A realização do axexê, uma grande e trabalhosa cerimônia, tem sido reservada apenas para chefes de terreiro não só pela grande quantidade de vínculos (com seu pai-de-santo, seus irmãos-de-santo, filhos-de-santo, netos-de-santo, sua família carnal etc.) que estes mantêm mas também pelos grandes obstáculos que devem ser vencidos antes de sua efetuação. Um deles é a falta de sacerdotes com conhecimento suficiente para realizar o axexê. Sendo uma religião mágica, o processo ritual, os detalhes, as “fórmulas” mágicas são sempre motivo de extremado cuidado, medo e desconfiança. Qualquer mínimo erro, descuido ou engano pode ser a fonte de grandes desgostos e problemas. Principalmente quando se lida com o absoluto desconhecido que é a morte.
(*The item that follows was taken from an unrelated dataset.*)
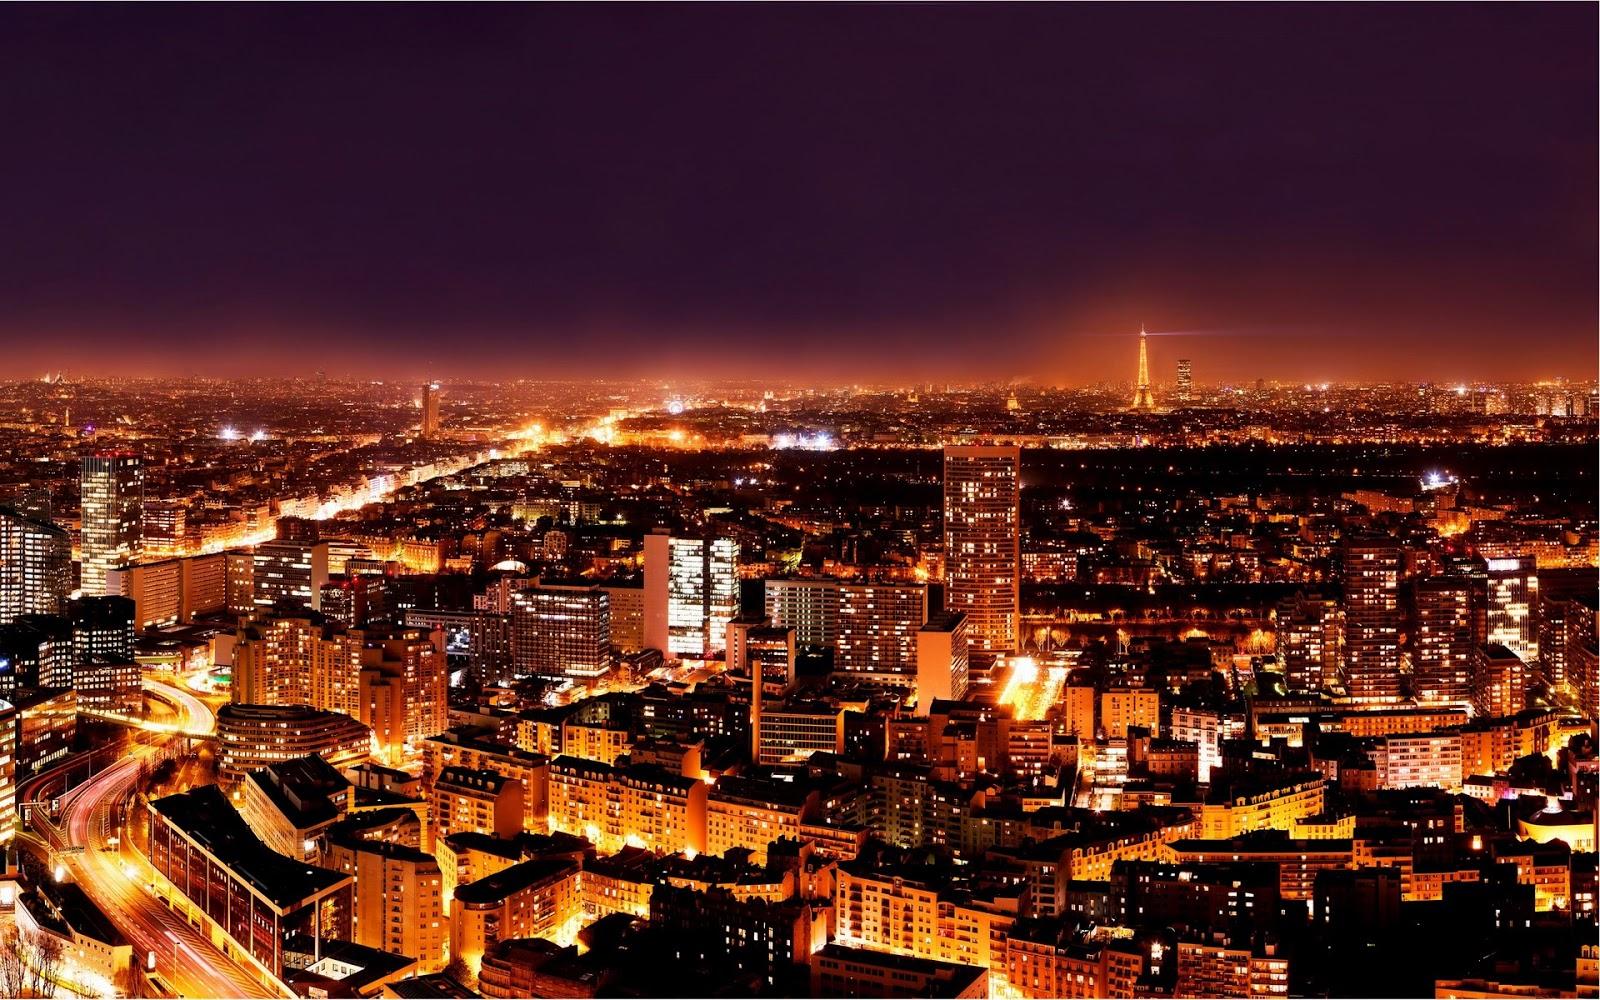 Paris Paris at Night Wallpaper 1600x1000
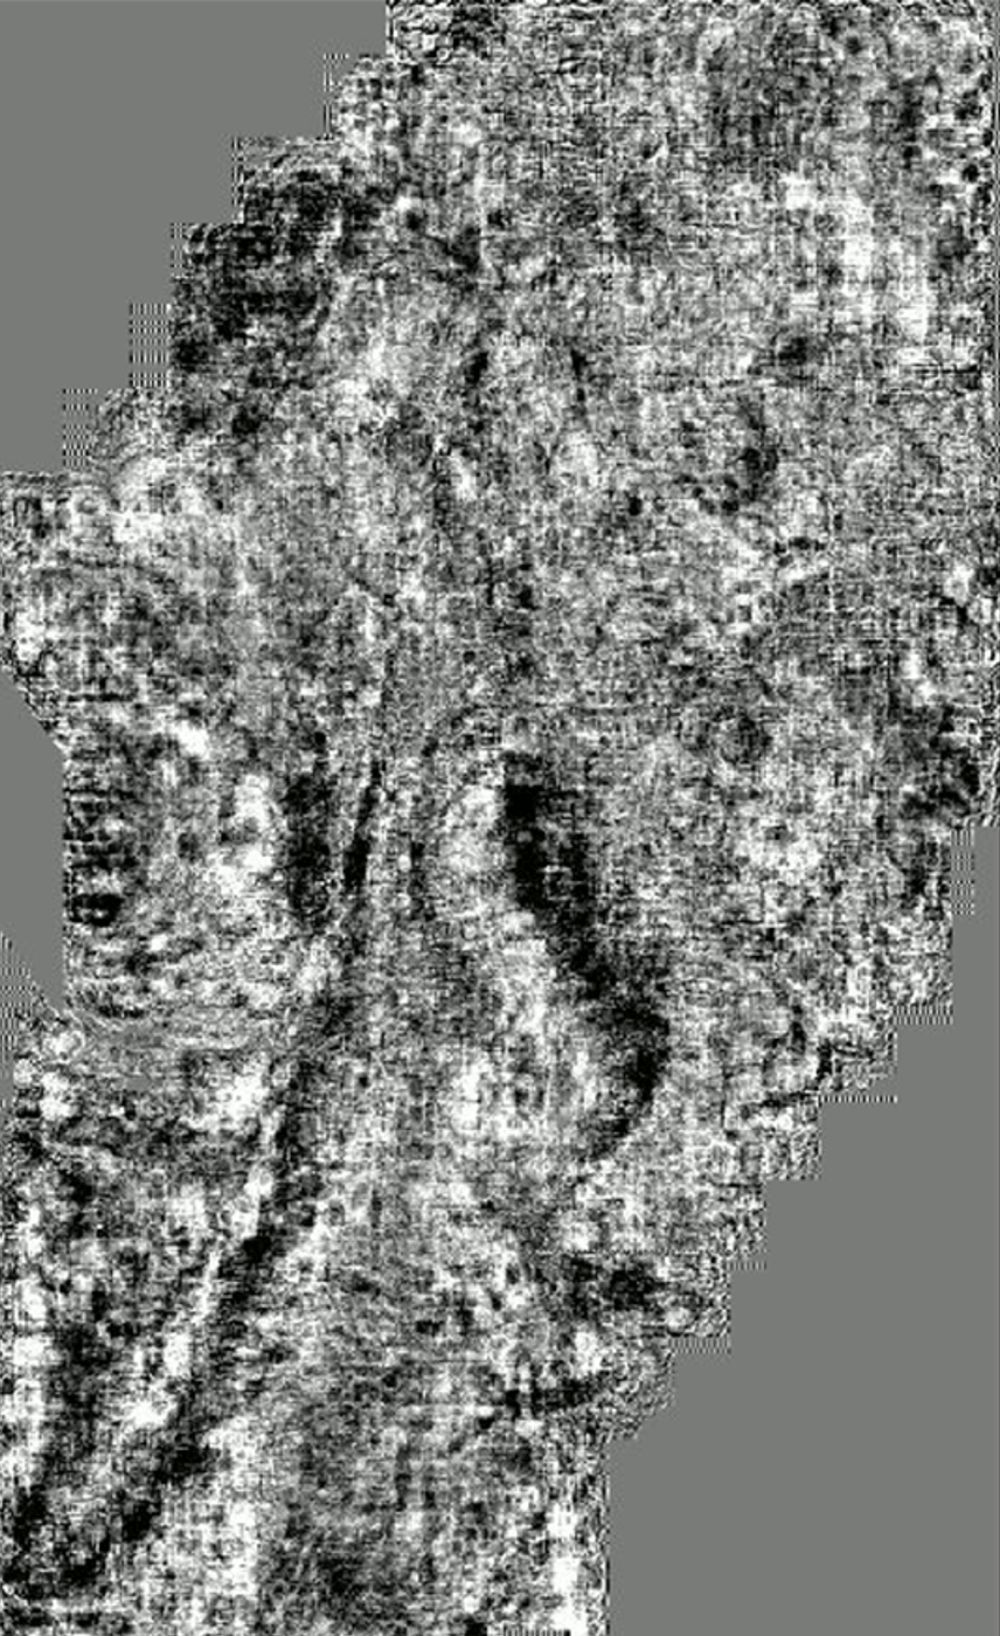 reprocessing_ts_frame_0001

Assim, poucos são os sacerdotes que se “arriscam” a realizar o axexê, preferindo entregá-lo aos mais antigos sacerdotes ( QUE EU ACHO CERTO ), mesmo pagando um alto preço por seus serviços religiosos. Como a realização desta cerimônia tem se revelado bastante lucrativa, aqueles que a conhecem profundamente têm evitado ensiná-las até mesmo aos seus próprios filhos-de-santo mantendo, desse modo, o “monopólio” do conhecimento religioso. Os especialistas em axexê, cobram em média 1000 dólares para realizá-lo. E não é fácil, para os grupos de filhos dos terreiros, conseguir este dinheiro e até mesmo superar questões como “quem vai realizar o axexê, de que modo, quando, por quanto etc.”, pois a morte do chefe de um terreiro gera situações gravemente desestruturantes.
Estas situações chegam mesmo a colocar em risco a continuidade da casa-de-santo, pois surgem muitas dúvidas: quem seria o sacerdote mais indicado para realizar o axexê? Quem será o novo ou nova chefe do terreiro? A casa continuará e o indivíduo permanecerá nela, ou fechará (o que é mais comum) e o filho de santo precisará ser adotado por outra casa, devendo, neste caso, reestruturar toda sua vida religiosa?. Caso a casa seja extinta, quem adotará os filhos-de-santo do morto, cuidando de seus orixás? Muita gente, especialmente ogãs e ekedes, fica sem rumo, sem saber o que fazer de sua vida religiosa:
. Agora que ele morreu, o que é que eu faço? Pra que terreiro eu vou? Vou como ekede? Mas de quem? Mas não foi ela que me suspendeu!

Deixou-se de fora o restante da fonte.